3. Randy Liepa, superintendent of the Wayne County Regional Educational Service agency, discusses the findings of a new study aimed at examining the true cost of educating children  Jan. 17 at the John W. English Administrative Center in Southfield.

3. Randy Liepa, superintendent of the Wayne County Regional Educational Service agency, discusses the findings of a new study aimed at examining the true cost of educating children Jan. 17 at the John W. English Administrative Center in Southfield.

Photo by Kayla Dimick


Group releases results of school financing study

By: Kayla Dimick | Southfield Sun | Published January 23, 2018

SOUTHFIELD — How much does it cost to send a child to school? 

Over the past year, the School Finance Research Collaborative — a group made up of local educational professionals and business leaders to re-examine the state’s approach to funding schools — has been researching the answer to that question. 

The collaborative has been overseeing a school adequacy study that examined how much funding schools need and where the funding should be allocated. 

On Jan. 17, the collaborative released the findings of the study at a press conference at the John W. English Administrative Center in Southfield. 

Wanda Cook-Robinson, Oakland Schools superintendent, was on hand to discuss the findings of the study. 

Members of the collaborative come from many different backgrounds, Cook-Robinson said, but they are united under one goal. 
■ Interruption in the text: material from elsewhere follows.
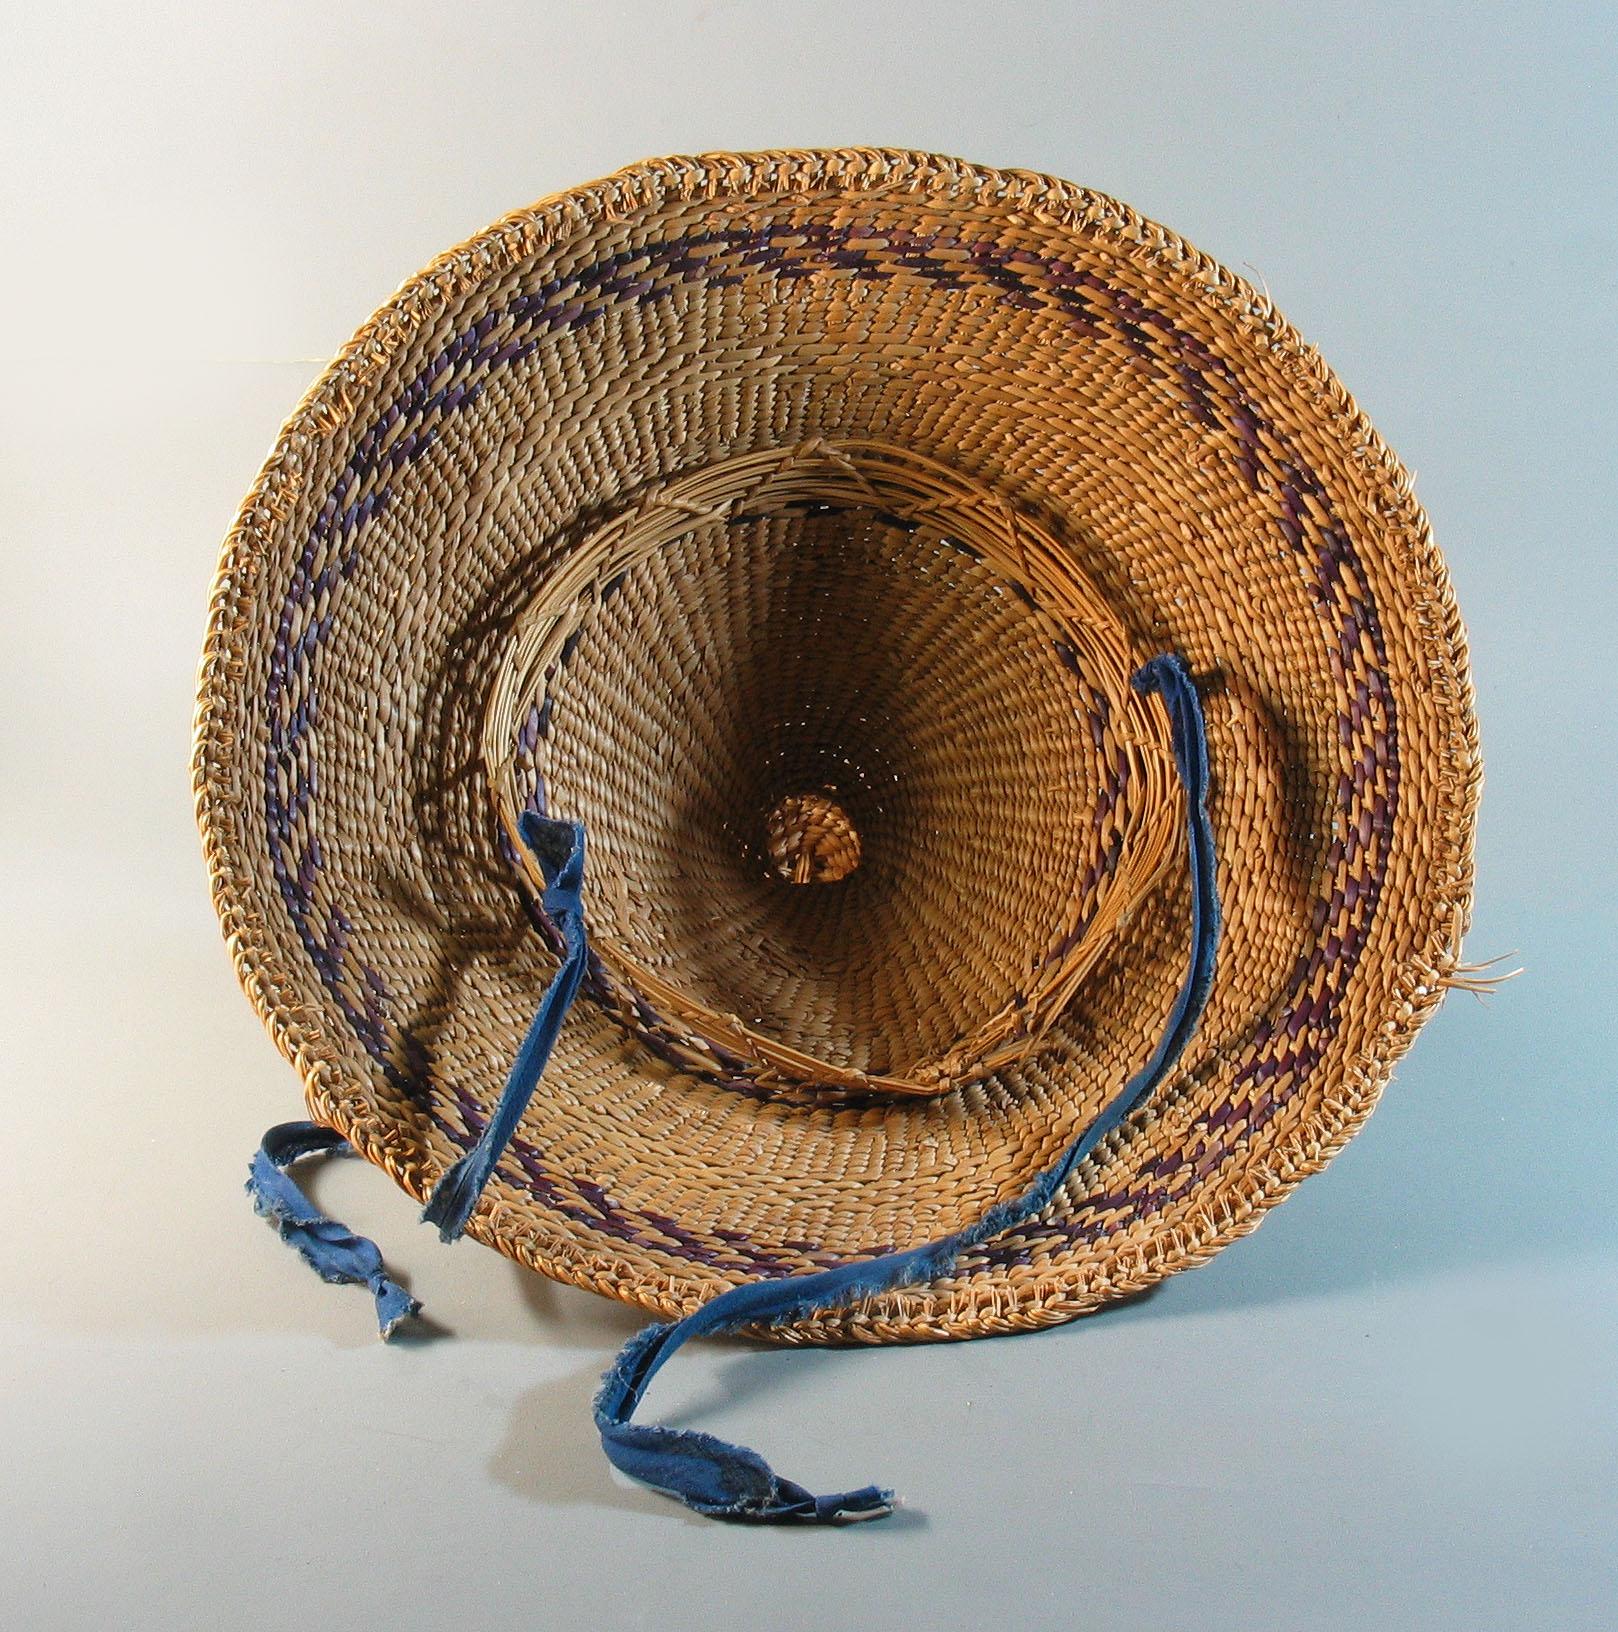 20th Century Kuba Ceremonial Raffia Textile Panel with a Hat from Lesotho Tribal Art Drc For Sale

“Our business leaders and education experts are from all corners of the state. That includes the Upper Peninsula, lower southeastern Michigan, the west side of the state and the Thumb (region) — and we all came together in November 2016,” Cook-Robinson said. “We come from a variety of backgrounds, but we all agree it’s time to change the way we fund Michigan schools. With that in mind, we proudly supported Michigan’s first comprehensive adequacy study that answers this question: What does it cost to educate a child attending school in the state of Michigan?”

The study was recently completed by two school finance firms: Augenblick, Palaich and Associates; and Picus, Odden and Associates, Cook-Robinson said, and both firms have over 100 years of experience between them. APA has conducted 30 similar studies across the country. 
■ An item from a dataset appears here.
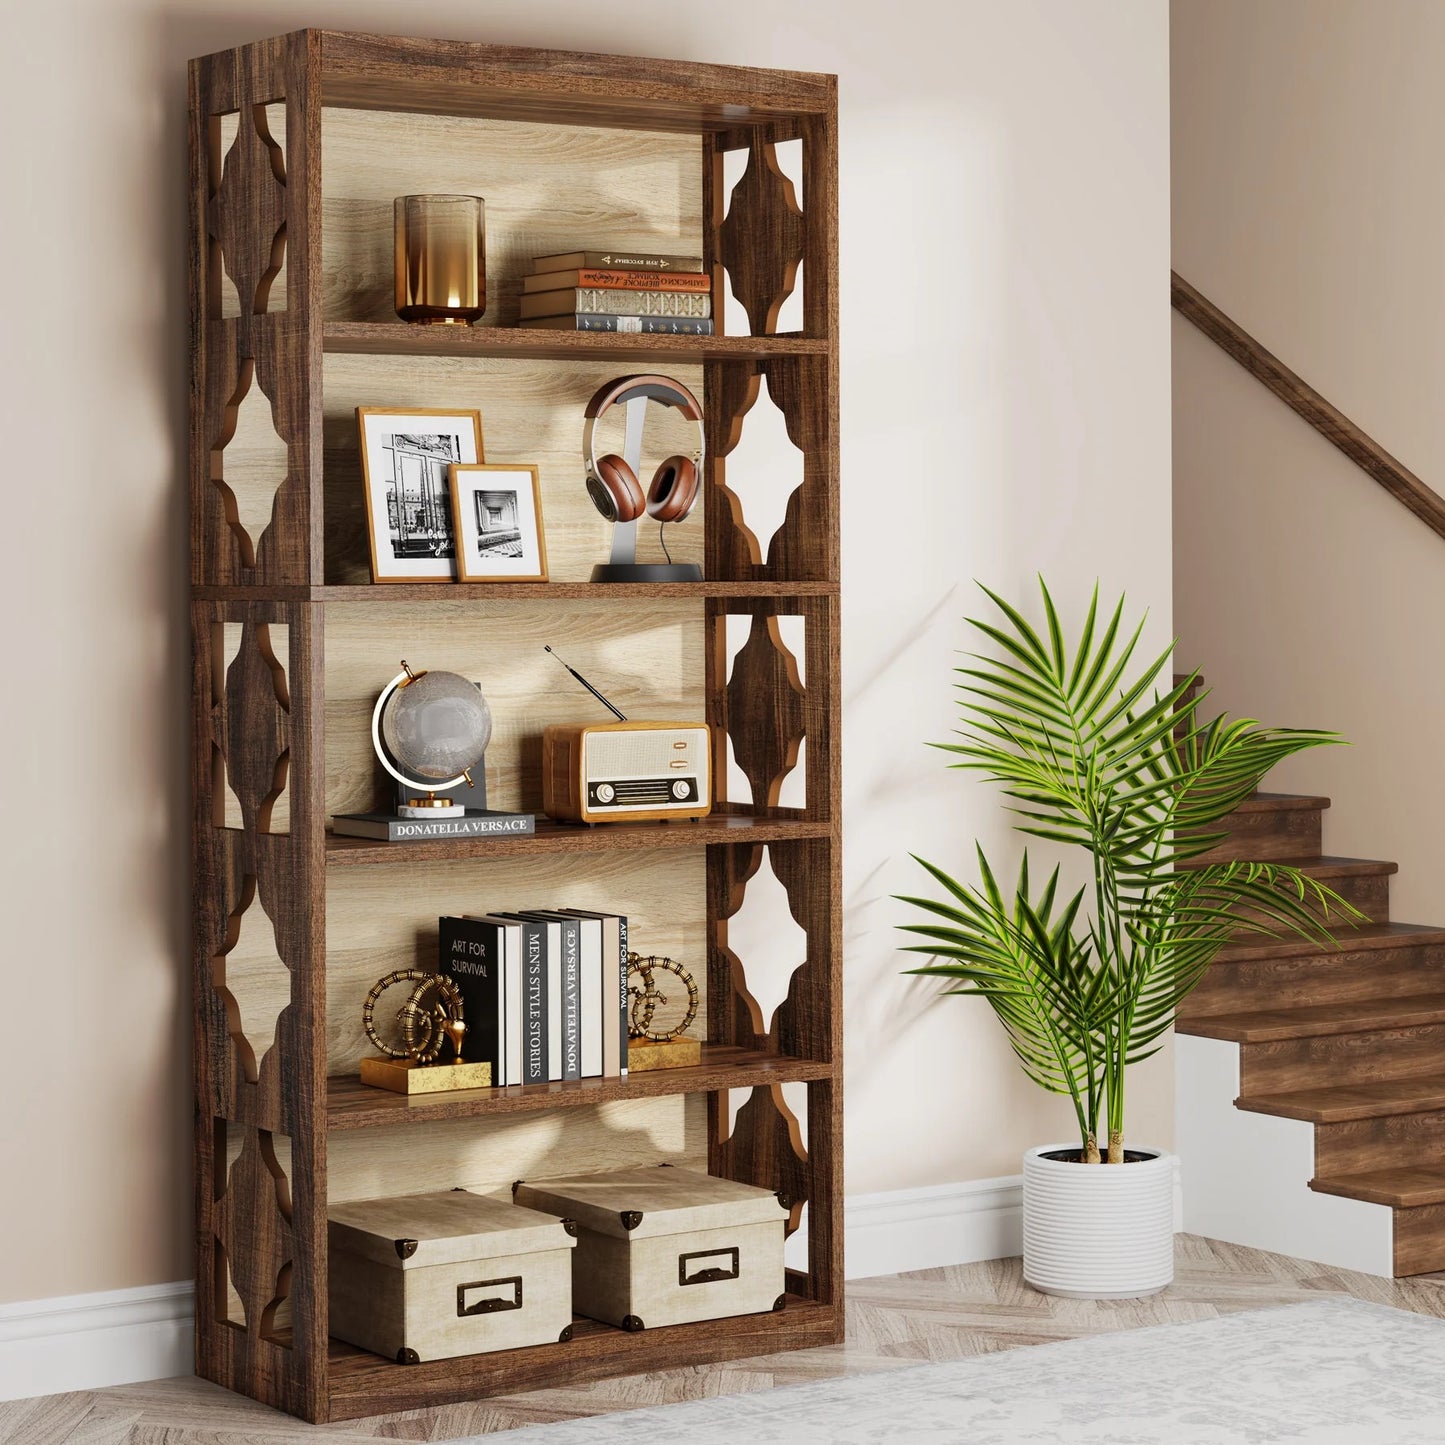 6-Tier Bookshelf, 70-Inch Wood Bookcase with Storage Shelves

“Our research went directly to those on the front line — teachers, principals, special education directors, a few superintendents and others — so that we could gain that information from those who serve our children on a daily basis,” she said. 

Nearly 300 educators lent their expertise to the collaborative, Cook-Robinson said, by serving on panels focusing on all grade levels, as well as preschool, special education, English language learners, poverty, and career and technical education. 
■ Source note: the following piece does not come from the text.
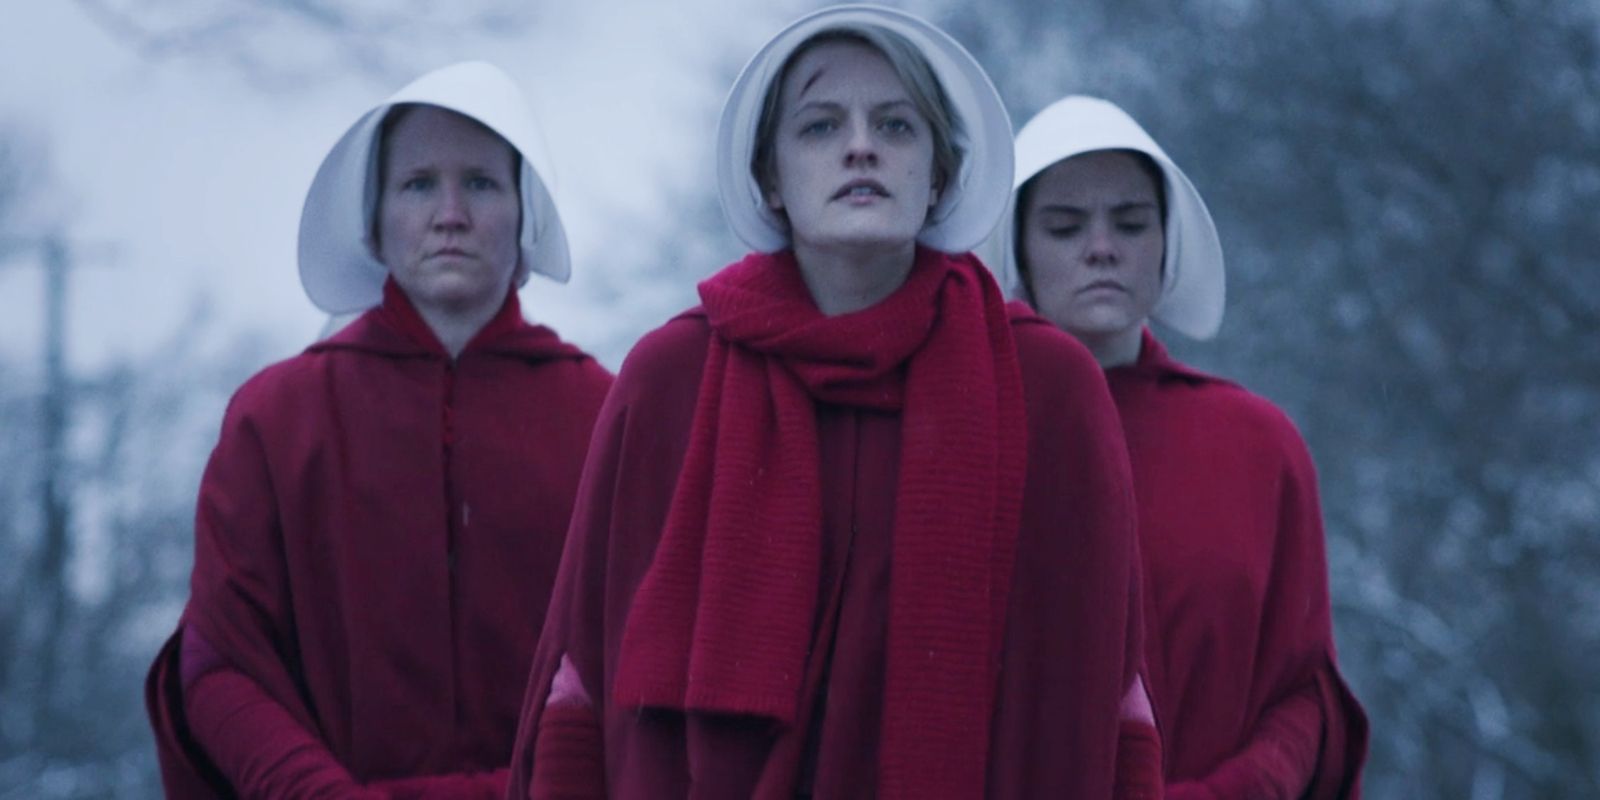 Offred leading handmaids in The Handmaid's Tale

“This study is the first of its kind to have a panel on charter schools, and to examine districts of varying sizes and districts that may be geographically isolated,” Cook-Robinson said. 

The report includes the following key findings, officials said:

• The base per-pupil cost to educate a regular education K-12 student in Michigan is $9,590, which does not include transportation, food service or capital costs, and only includes pension costs at 4.6 percent of wages.

• Charter and traditional public schools should be funded equally.

• It costs $14,155 annually to educate a preschool student age 3 or 4.

• In addition to the base per-pupil cost, a percentage of the base cost should be provided for special education, English language learners, students living in poverty, and programs to provide career and technical education.

• Transportation costs should be funded at $973 per rider until further study can be carried out.

• Because Michigan’s school district sizes vary widely and small districts lack economies of scale, district size must be taken into account, with funding increases provided for all districts under 7,500 students.

Randy Liepa, superintendent of the Wayne County Regional Educational Service Agency, said local policymakers should use the study to reform Michigan’s school system. 

“It’s not about just taking dollars and cents and figuring out how much people are spending — it’s really saying what should school look like and how much does that cost?” Liepa said. “That’s exactly what they did with this particular study.”

The full report can be found at fundMIschools.org. 

“(The study gives) policymakers clear direction on how much it costs to educate a child and how best to reform Michigan’s broken school funding system,” Bob Moore, school finance research project director, said in a written statement. 

Cook-Robinson said $100,000 for the study was provided by the W.K. Kellogg Foundation to the Oakland Schools Education Foundation. Around $750,000 was raised by a combination of state, federal and local sources. 

Officials said additional research will be needed in several areas, such as a full-capacity study to examine district costs; a review of literate and illiterate poverty and the concentration of poverty by district; and a full transportation cost study.